Problem to work on —
Exactly as written, output each of the lines below, with no images.

━━━ Data excerpt ━━━

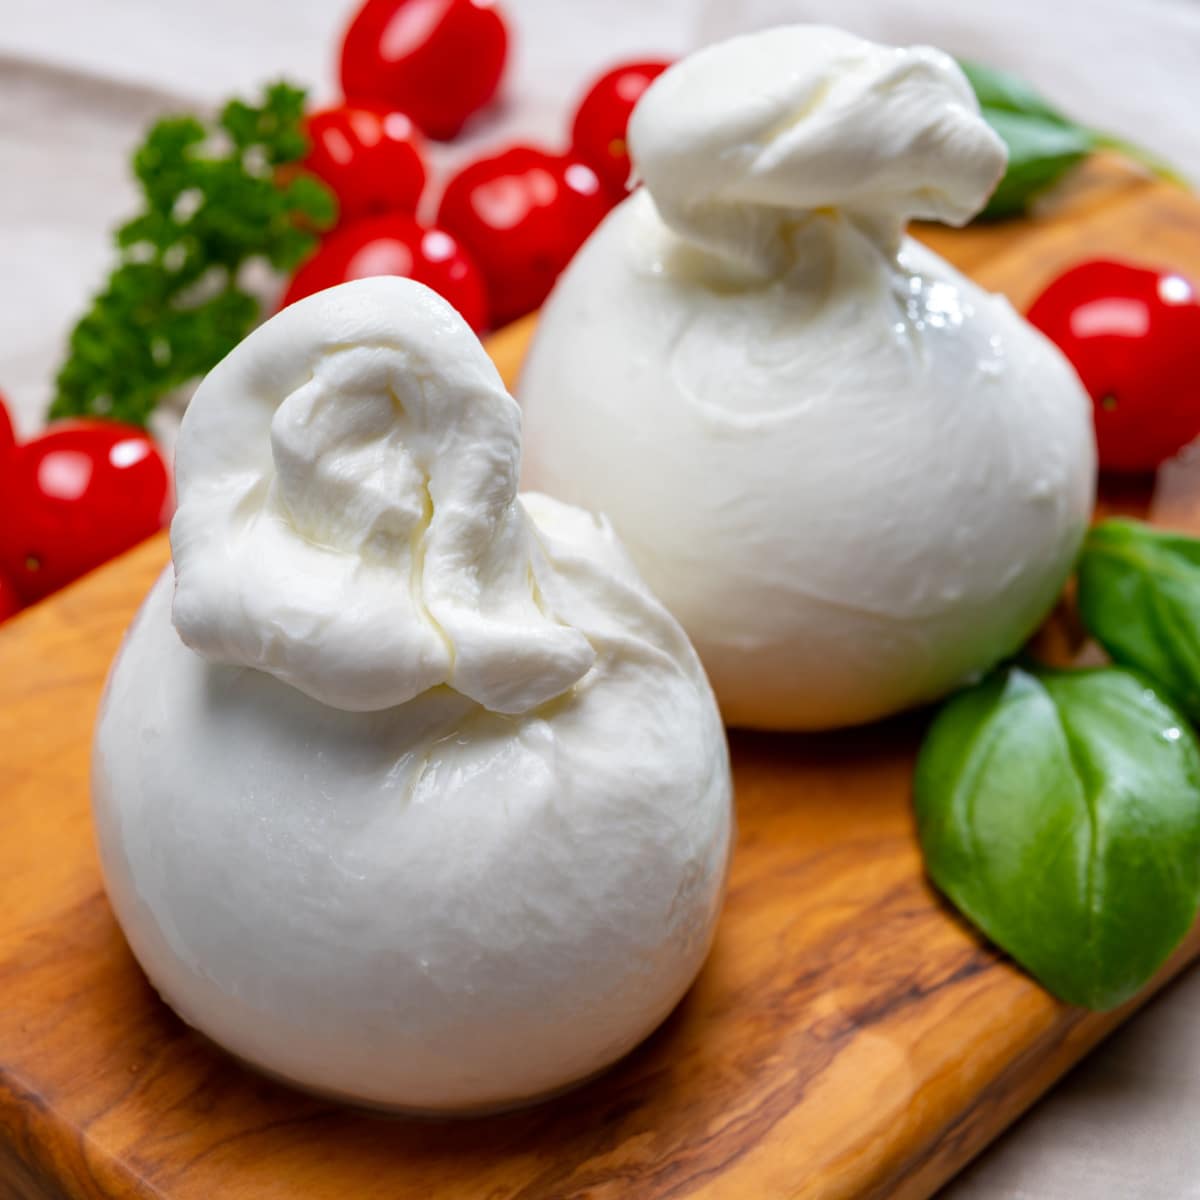 Two Rounded Balls of Mozzarella on a Wooden Cutting Board
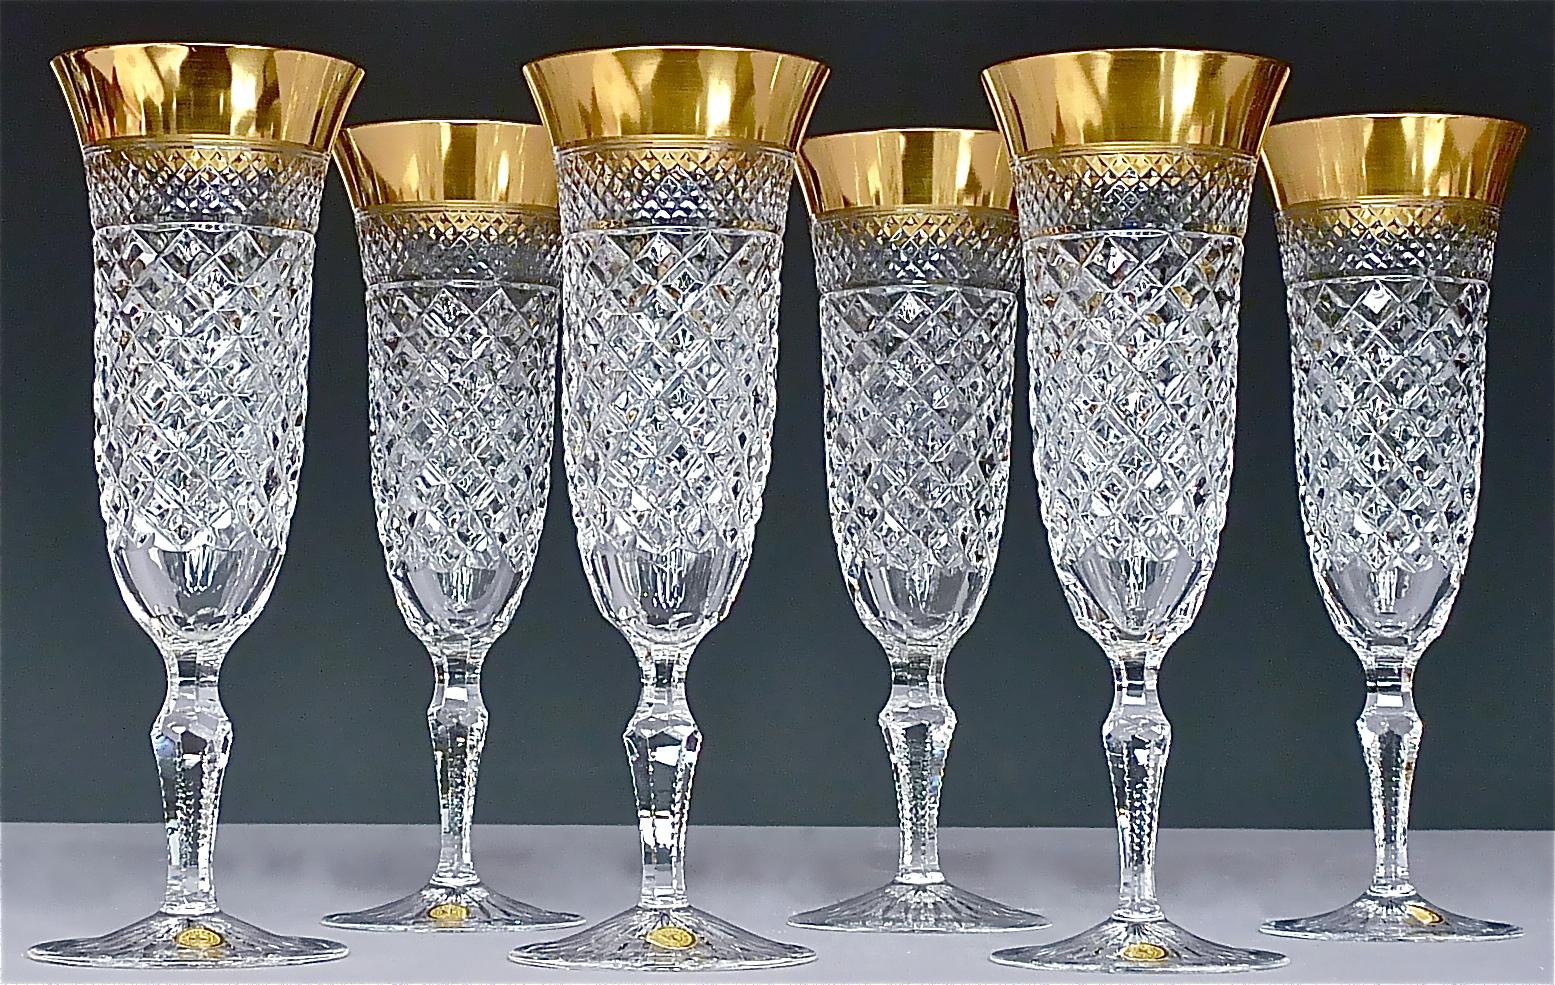 Faceted Precious 6 Champagne Glasses Gold Crystal Glass Stemware Josephinenhuette Moser For Sale
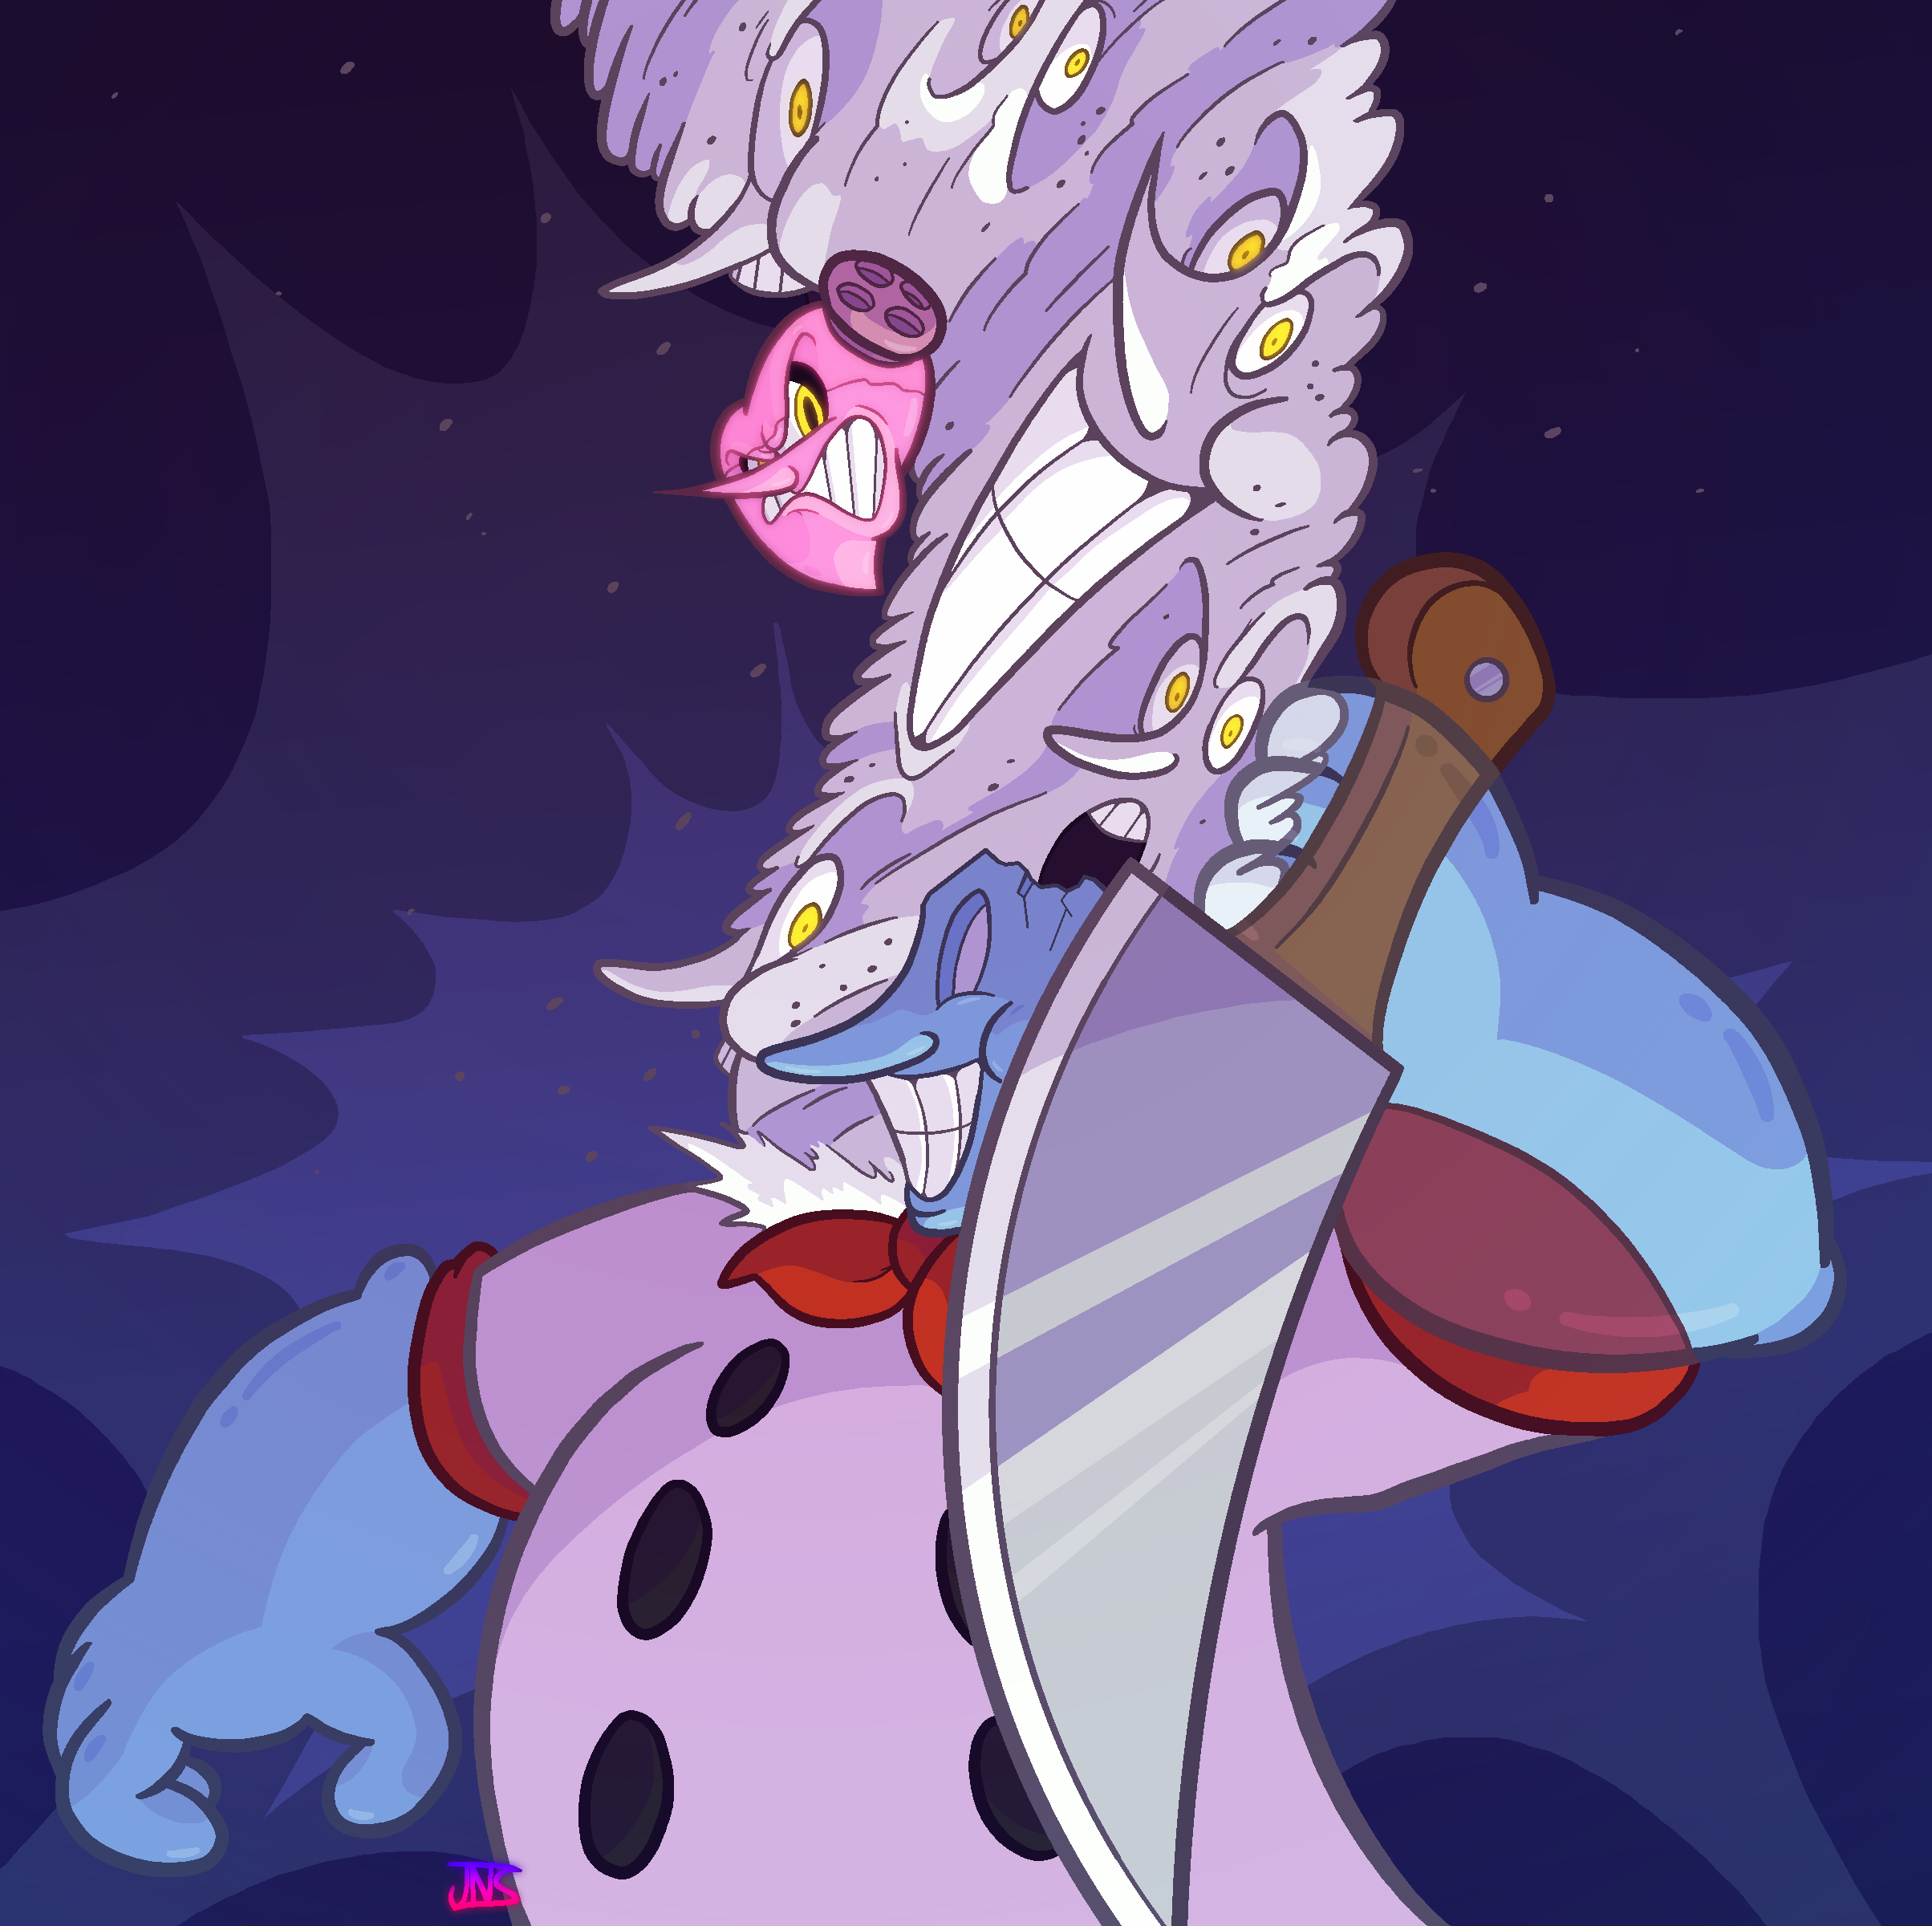 Chef Saltbaker from Cuphead's DLC brandishing a knife with his head erupting into salt pillars

━━━

Task output —
 Two Rounded Balls of Mozzarella on a Wooden Cutting Board
 Faceted Precious 6 Champagne Glasses Gold Crystal Glass Stemware Josephinenhuette Moser For Sale
 Chef Saltbaker from Cuphead's DLC brandishing a knife with his head erupting into salt pillars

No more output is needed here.